6. Combining file I/O and statistics
Create an example CSV file
# We use tempdir() so that the vignette can be built anywhere
# without needing any external data files.
set.seed(1)
# Small numeric toy dataset
my_data <- data.frame(
x = rnorm(100, mean = 0, sd = 1),
y = rnorm(100, mean = 5, sd = 2),
z = rnorm(100, mean = -2, sd = 0.5)
)
# Path where we'll save the CSV
example_csv <- file.path(tempdir(), "my_data.csv")
# Write the CSV (no row names to keep it clean)
write.csv(my_data, example_csv, row.names = FALSE)In practice, you often:
- Read data from a file (CSV, RDS, etc.),
- Compute summary statistics or correlations.
You can cache both steps.
read_numeric_csv <- function(path) {
message("Reading CSV: ", path)
Sys.sleep(1) # simulate slow disk / network
read.csv(path)
}
cached_read_numeric_csv <- cacheFile(
cache_dir = cache_dir
) %@% function(path) {
read_numeric_csv(path)
}
cached_file_stats <- cacheFile(
cache_dir = cache_dir
) %@% function(path) {
df <- cached_read_numeric_csv(path)
cor_with_moments(df)
}Usage:
res <- cached_file_stats(example_csv)
#> Reading CSV: /tmp/RtmprLIVVd/my_data.csv
#> Computing correlations and moments ...
res$mean
#> x y z
#> 0.1088874 4.9243838 -1.9851632
res$cor
#> x y z
#> x 1.0000000000 -0.0009943199 0.01838219
#> y -0.0009943199 1.0000000000 -0.04953621
#> z 0.0183821868 -0.0495362135 1.00000000- First run: reads the CSV and computes stats.
- Subsequent runs with the same file and same code: reuse cached results.

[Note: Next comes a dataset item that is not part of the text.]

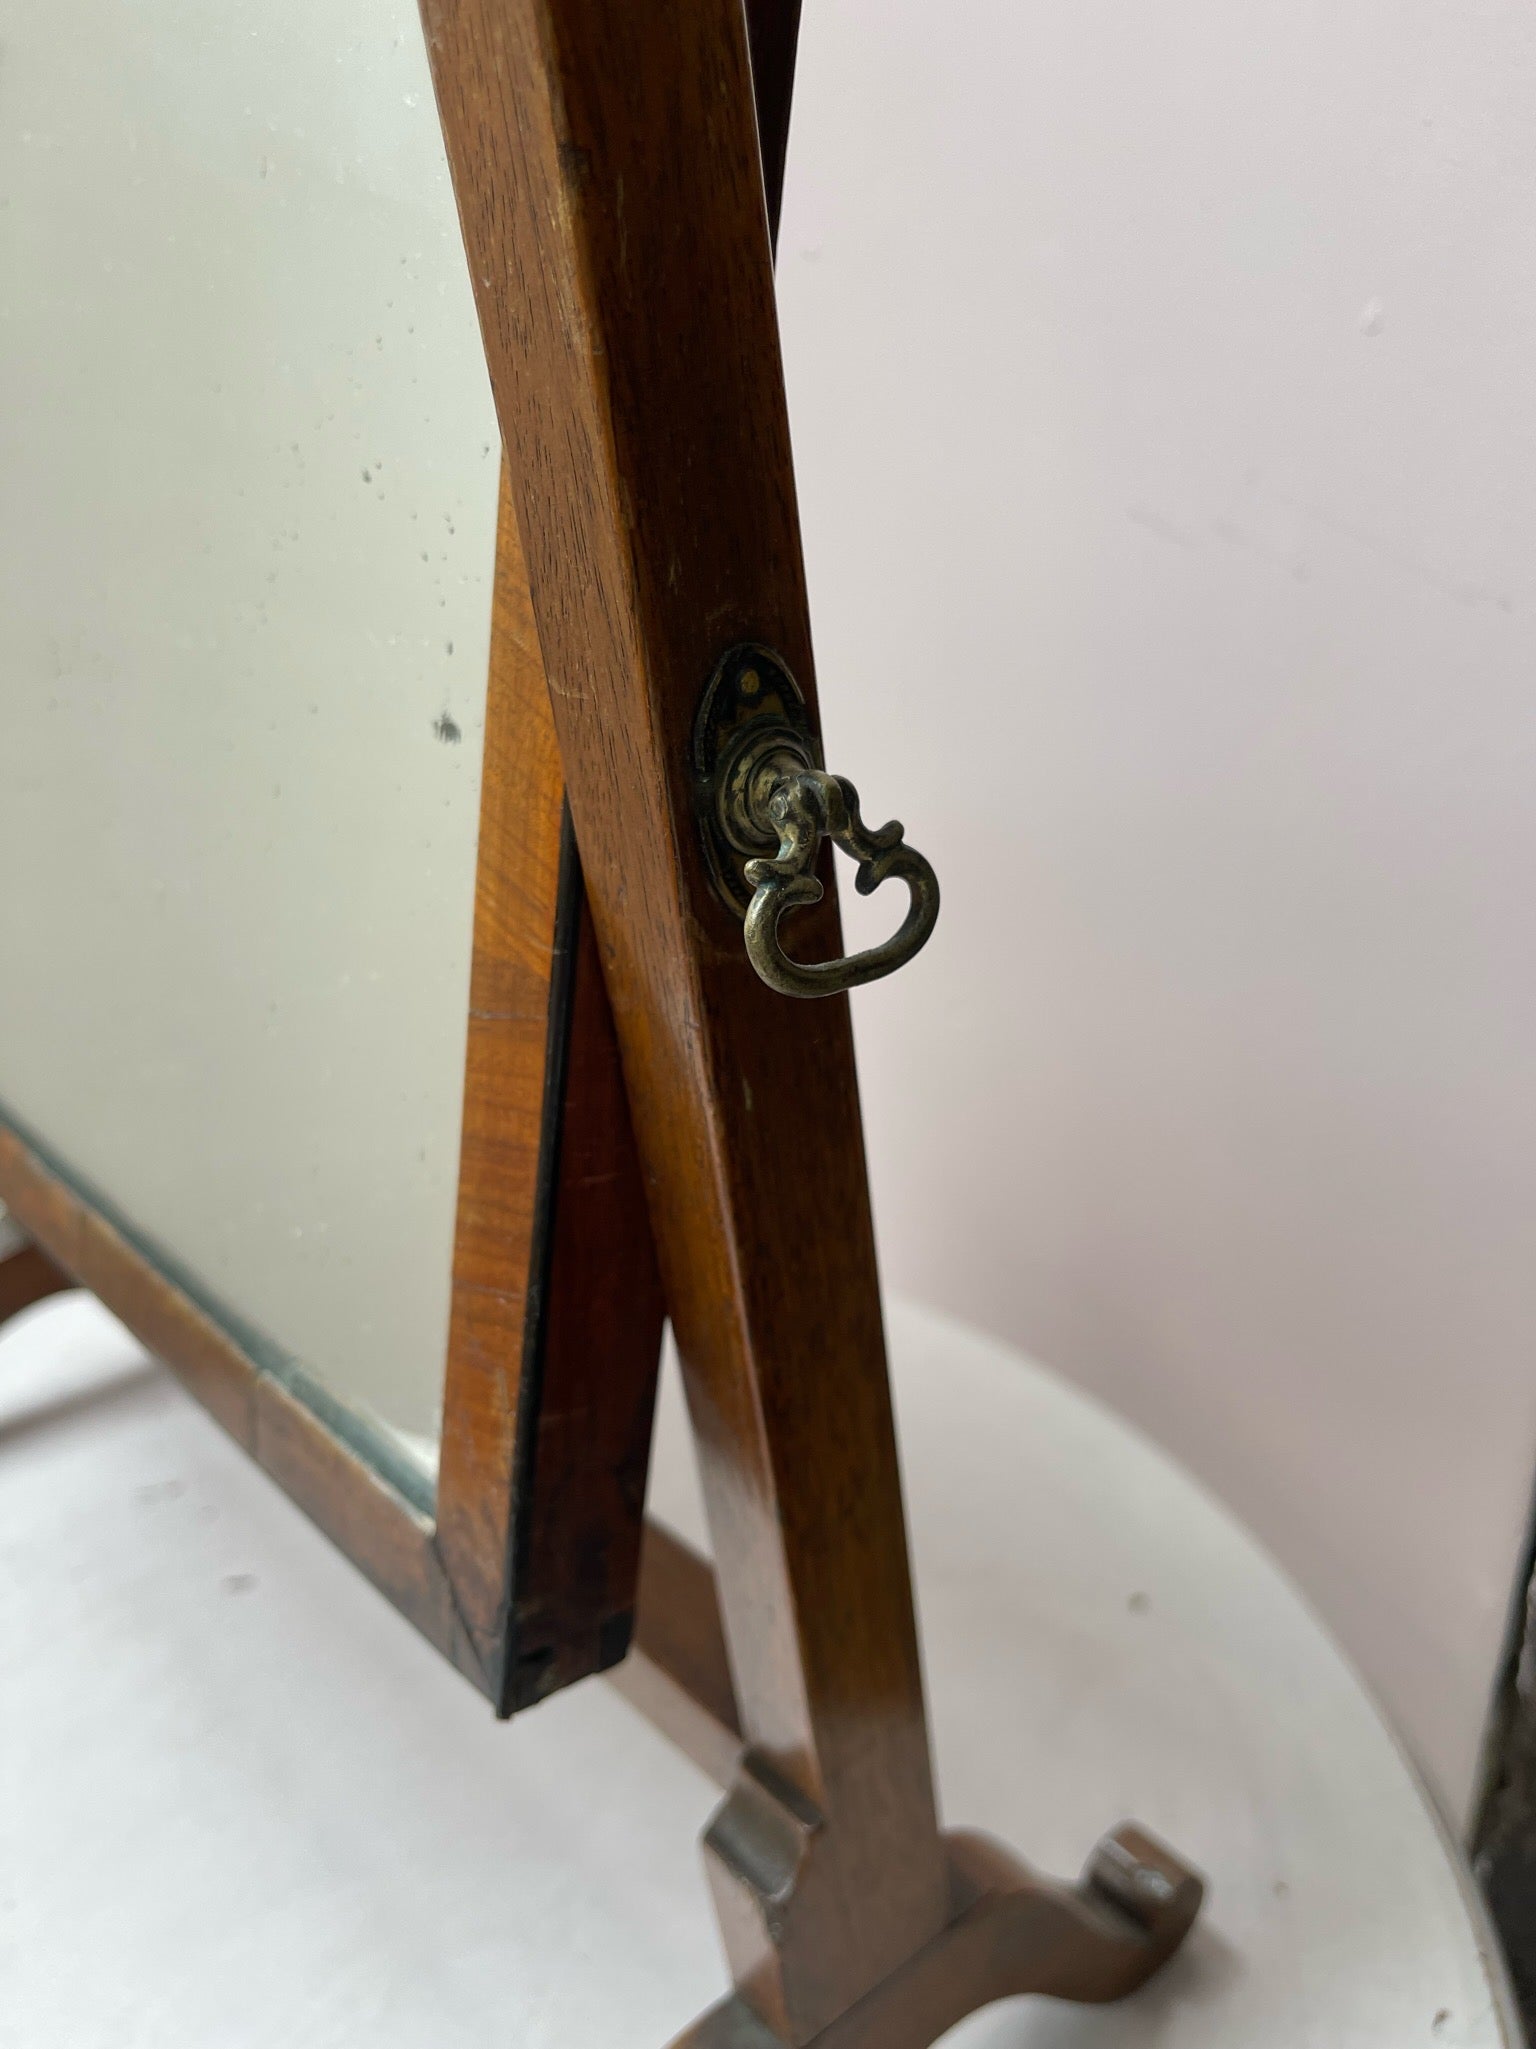 Antique French Table Mirror

(Depending on your cacheR version, there may be options
such as file_args to incorporate directory or file contents
into the cache key more explicitly.)
7. Practical tips
-
Use a project-local cache directory, e.g.:
cache_dir <- ".cacheR" dir.create(cache_dir, showWarnings = FALSE) -
Add it to
.gitignore:.cacheR/ -
Wrap expensive operations:
- reading large files
- computing big correlation matrices
- heavy preprocessing
-
For pure statistical pipelines, a common pattern is:
-
cached_read()– load data -
cached_preprocess()– clean / transform -
cached_stats()– compute means, variances, correlations
Each step can be shared across many analyses.
-